INT 与 FP：细粒度低比特量化格式的全面研究 (INT v.s. FP: A Comprehensive Study of Fine-Grained Low-bit Quantization Formats)

Modern AI hardware, such as Nvidia's Blackwell architecture, is increasingly embracing low-precision floating-point (FP) formats to handle the pervasive activation outliers in Large Language Models (LLMs). Despite this industry trend, a unified comparison of FP and integer (INT) quantization across varying granularities has been missing, leaving algorithm and hardware co-design without clear guidance. This paper fills that gap by systematically investigating the trade-offs between FP and INT formats. We reveal a critical performance crossover: while FP excels in coarse-grained quantization, the comparison at fine-grained (block-wise) levels is more nuanced. Our comprehensive comparison demonstrates that for popular 8-bit fine-grained formats (e.g., MX with block size 32), MXINT8 is superior to its FP counterpart in both algorithmic accuracy and hardware efficiency. However, for 4-bit formats, FP (e.g., MXFP4, NVFP4) often holds an accuracy advantage , though we show that NVINT4 can surpass NVFP4 when outlier-mitigation techniques like Hadamard rotation are applied. We also introduce a symmetric clipping method that resolves gradient bias in fine-grained low-bit INT training, enabling nearly lossless performance for MXINT8 training. These findings challenge the current hardware trajectory, demonstrating that a one-size-fits-all FP approach is suboptimal and advocating that fine-grained INT formats, particularly MXINT8, offer a better balance of accuracy, power, and efficiency for future AI accelerators.

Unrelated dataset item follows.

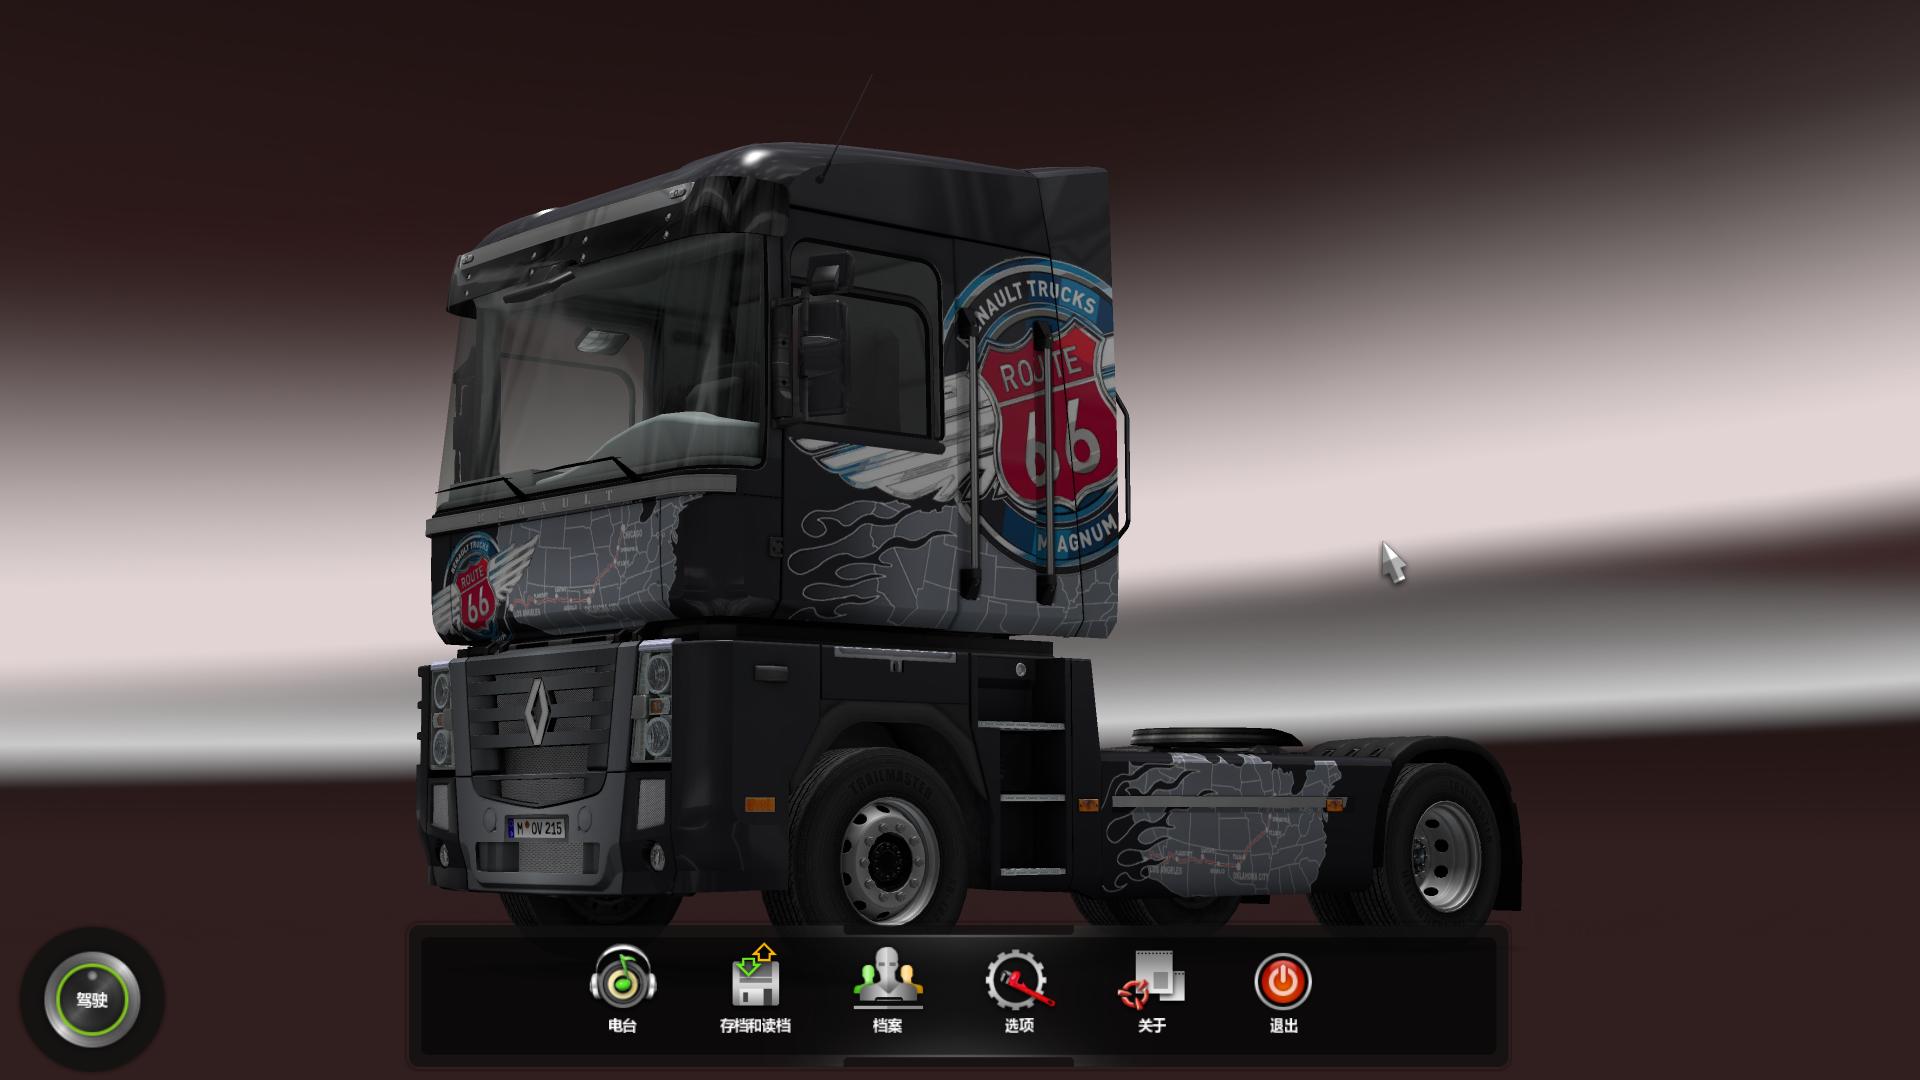 ŷ޿ģ2Euro Truck Simulator 2 v1.16.x-v1.32.xʮ޸FutureX

翻译：现代AI硬件，如Nvidia的Blackwell架构，正日益采用低精度浮点（FP）格式来处理大型语言模型（LLMs）中普遍存在的激活值异常值。尽管存在这一行业趋势，但针对不同粒度下FP与整数（INT）量化的统一比较一直缺失，导致算法与硬件协同设计缺乏明确指导。本文通过系统研究FP与INT格式之间的权衡填补了这一空白。我们揭示了一个关键的性能交叉点：虽然FP在粗粒度量化中表现出色，但在细粒度（块级）水平的比较则更为微妙。我们的全面比较表明，对于流行的8位细粒度格式（例如块大小为32的MX），MXINT8在算法精度和硬件效率上均优于其FP对应格式。然而，对于4位格式，FP（例如MXFP4、NVFP4）通常具有精度优势，但我们发现当应用Hadamard旋转等异常值缓解技术时，NVINT4可以超越NVFP4。我们还引入了一种对称裁剪方法，解决了细粒度低比特INT训练中的梯度偏差问题，使MXINT8训练能够实现近乎无损的性能。这些发现挑战了当前的硬件发展轨迹，表明一刀切的FP方法并非最优，并主张细粒度INT格式，特别是MXINT8，为未来AI加速器提供了精度、功耗和效率之间更好的平衡。